Accessing tables created in Hive and files added to HDFS from Big SQL

Introduction

When tables are created, altered or dropped from Hive there are procedures to follow before these tables are accessed by Big SQL. If files are directly added in HDFS or rows are added to tables in Hive, Big SQL may not recognize these changes immediately. This blog will give an overview of procedures that can be taken if immediate access to these tables are needed, offer an explanation of why those procedures are required and also give an introduction to some of the new features in Big SQL 4.2 and later releases in this area.

Big SQL and Hive Metastore Introduction

As long as the table is defined in the Hive MetaStore and accessible in the Hadoop cluster then both BigSQL and Hive can access it. The Hive metastore stores the metadata for Hive tables, this metadata includes table definitions, location, storage format, encoding of input files, which files are associated with which table, how many files there are, types of files, column names, data types etc. Big SQL uses these low level API’s of Hive to physically read/write data. Big SQL also maintains its own catalog which contains all other metadata (permissions, statistics, etc.) specific to Big SQL.

Syncing of the Big SQL Catalog and Hive Metastore

When a table is created from Big SQL, the table is also created in Hive. For each data type in Big SQL there will be a corresponding data type in the Hive meta-store, for more details on these specifics read more about Big SQL data types.
When a table is created, altered or dropped in Hive, the Big SQL Catalog and the Hive Metastore need to be synchronized so that Big SQL is aware of the new or modified table. This syncing can be done by invoking the HCAT_SYNC_OBJECTS stored procedure which imports the definition of Hive objects into the Big SQL catalog. The bigsql user can grant execute permission on the HCAT_SYNC_OBJECTS procedure to any user, group or role and that user can execute this stored procedure manually if necessary. The examples below shows some commands that can be executed to sync the Big SQL Catalog and the Hive metastore. Note that we use regular expression matching where ‘.’ matches any single character and ‘*’ matches zero or more of the preceding element.

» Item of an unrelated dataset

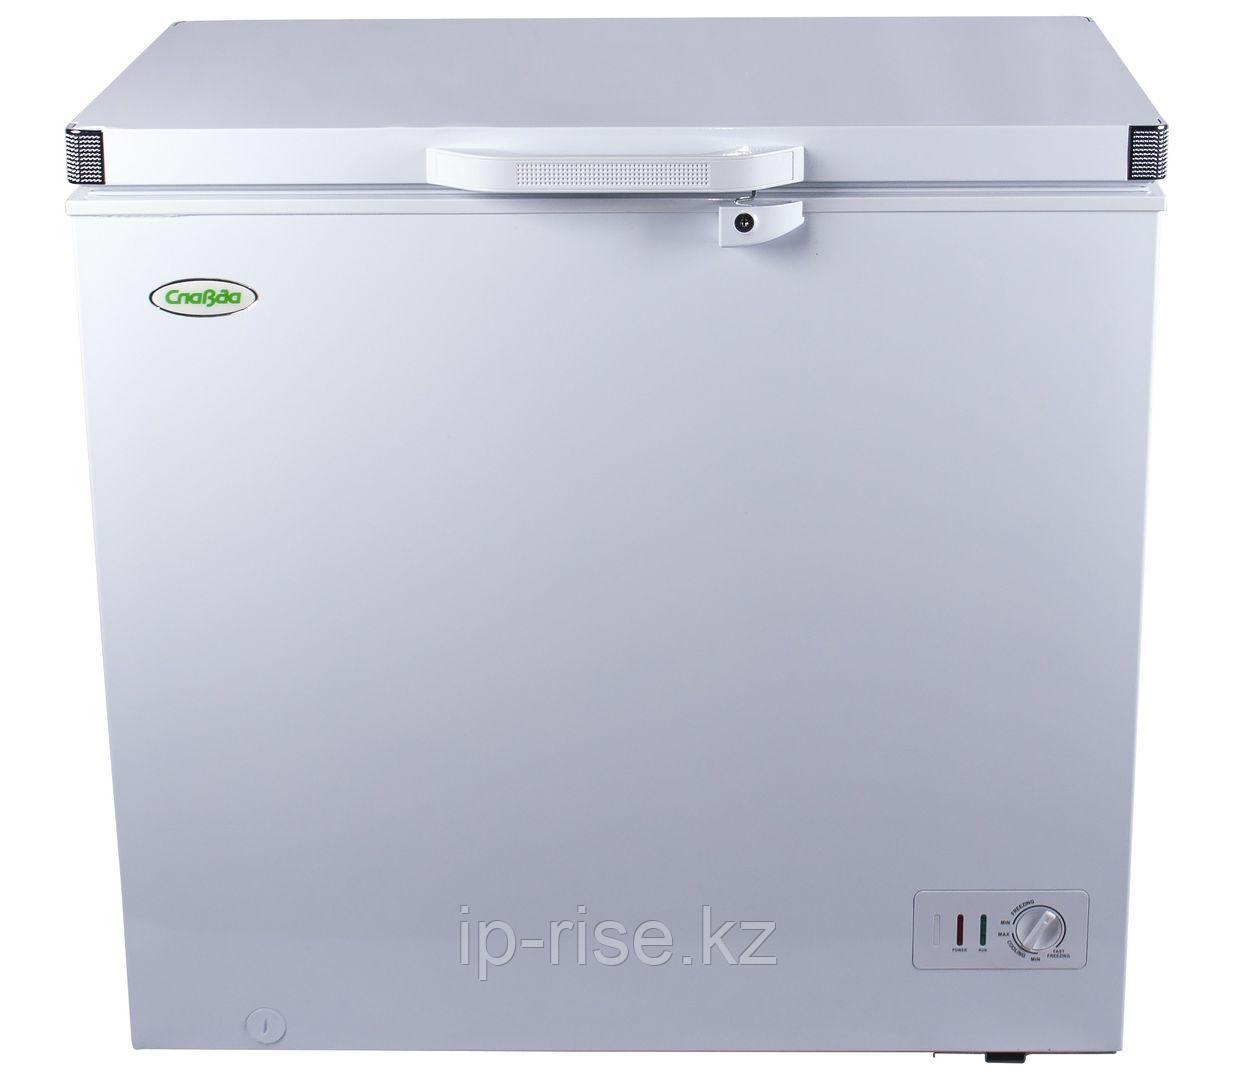 Славда FC-235C морозильная камера

    GRANT EXECUTE ON PROCEDURE HCAT_SYNC_OBJECTS TO USER1;  CALL SYSHADOOP.HCAT_SYNC_OBJECTS(‘bigsql’,’mybigtable’,’a’,’MODIFY’,’CONTINUE’);    --Optional parameters also include IMPORT HDFS AUTHORIZATIONS or TRANSFER OWNERSHIP TO user  CALL SYSHADOOP.HCAT_SYNC_OBJECTS(‘bigsql’,’mybigtable’,’a’,’REPLACE’,’CONTINUE’, ‘IMPORT HDFS AUTHORIZATIONS’);  --Import tables from Hive that start with HON and belong to the bigsql schema  CALL SYSHADOOP.HCAT_SYNC_OBJECTS('bigsql', 'HON.*', 'a', 'REPLACE', 'CONTINUE')";

Performance tip – call the HCAT_SYNC_OBJECTS stored procedure using the ‘MODIFY’ instead of the ‘REPLACE’ option where possible. The ‘REPLACE’ option will drop and recreate the table in the Big SQL catalog and all statistics that were collected on that table would be lost.

Automatic Syncing of the Big SQL Catalog and Hive Metastore

New in Big SQL 4.2 is the ‘auto hcat sync’ feature – this feature will check to determine whether there are any tables created, altered or dropped from Hive and will trigger an automatic HCAT_SYNC_OBJECTS call if needed to sync the Big SQL catalog and the Hive Metastore. Auto hcat sync is the default in releases after 4.2.

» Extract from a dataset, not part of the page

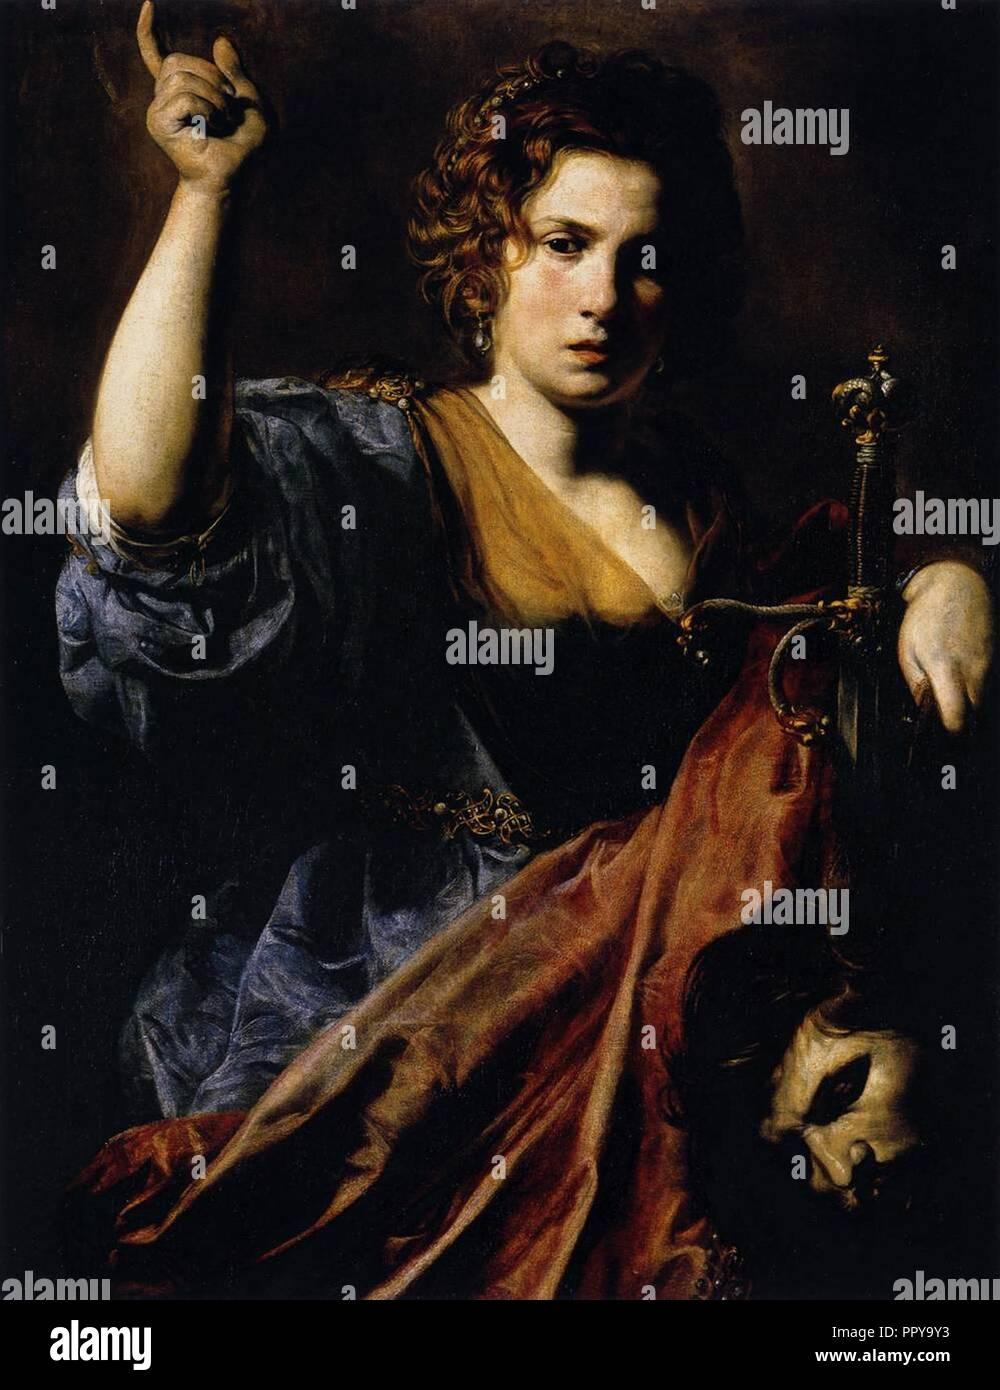 Valentin de Boulogne, Judith. - Stock Image

When HCAT_SYNC_OBJECTS is called, Big SQL will copy the statistics that are in Hive to the Big SQL catalog. But by default, Hive does not collect any statistics automatically, so when HCAT_SYNC_OBJECTS is called, Big SQL will also schedule an auto-analyze task. For details read more about Auto-analyze in Big SQL 4.2 and later releases. Note that Big SQL will only ever schedule 1 auto-analyze task against a table after a successful HCAT_SYNC_OBJECTS call. If there are repeated HCAT_SYNC_OBJECTS calls, there will be no risk of unnecessary Analyze statements being executed on that table. If Big SQL realizes that the table did change significantly since the last Analyze was executed on the table then Big SQL will schedule an auto-analyze task.
Since Big SQL 4.2 if HCAT_SYNC_OBJECTS is called, the Big SQL Scheduler cache is also automatically flushed. The next section gives a description of the Big SQL Scheduler cache.

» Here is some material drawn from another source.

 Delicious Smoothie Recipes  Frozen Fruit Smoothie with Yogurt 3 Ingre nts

Introduction to the Big SQL Scheduler Cache

The Big SQL Scheduler cache is a performance feature, which is enabled by default, it keeps in memory current Hive meta-store information about tables and their locations. The Big SQL compiler has access to this cache so it can make informed decisions that can influence query access plans. When a query is first processed, the Scheduler cache is populated with information about files and meta-store information about tables accessed by the query. The Scheduler cache is flushed every 20 minutes. This time can be adjusted and the cache can even be disabled. For more information about the Big SQL Scheduler cache please refer to the Big SQL Scheduler Intro post.
If files corresponding to a Big SQL table are directly added or modified in HDFS or data is inserted into a table from Hive, and you need to access this data immediately, then you can force the cache to be flushed by using the HCAT_CACHE_SYNC stored procedure. The following examples shows how this stored procedure can be invoked:

    –-Tells the Big SQL Scheduler to flush its cache for a particular schema  CALL SYSHADOOP.HCAT_CACHE_SYNC (‘bigsql’);  –-Tells the Big SQL Scheduler to flush its cache for a particular object  CALL SYSHADOOP.HCAT_CACHE_SYNC (‘bigsql’,’mybigtable’);

Performance tip – where possible invoke this stored procedure at the table level rather than at the schema level.

Adding a partition directory of files to HDFS

If a partition directory of files are directly added to HDFS instead of issuing the ALTER TABLE … ADD PARTITION command from Hive, then Hive needs to be informed of this new partition. This can be done by executing the MSCK REPAIR TABLE command from Hive.

    hive> MSCK REPAIR TABLE mybigtable;

When the table is repaired in this way, then Hive will be able to see the files in this new directory and if the ‘auto hcat-sync’ feature is enabled in Big SQL 4.2 then Big SQL will be able to see this data as well. In Big SQL 4.2, if the ‘auto hcat-sync’ feature is not enabled (which is the default behavior) then you will need to call the HCAT_SYNC_OBJECTS stored procedure. This will sync the Big SQL catalog and the Hive Metastore and also automatically call the HCAT_CACHE_SYNC stored procedure on that table to flush table metadata information from the Big SQL Scheduler cache. If you are on versions prior to Big SQL 4.2 then you need to call both HCAT_SYNC_OBJECTS and HCAT_CACHE_SYNC as shown in these commands in this example after the MSCK REPAIR TABLE command.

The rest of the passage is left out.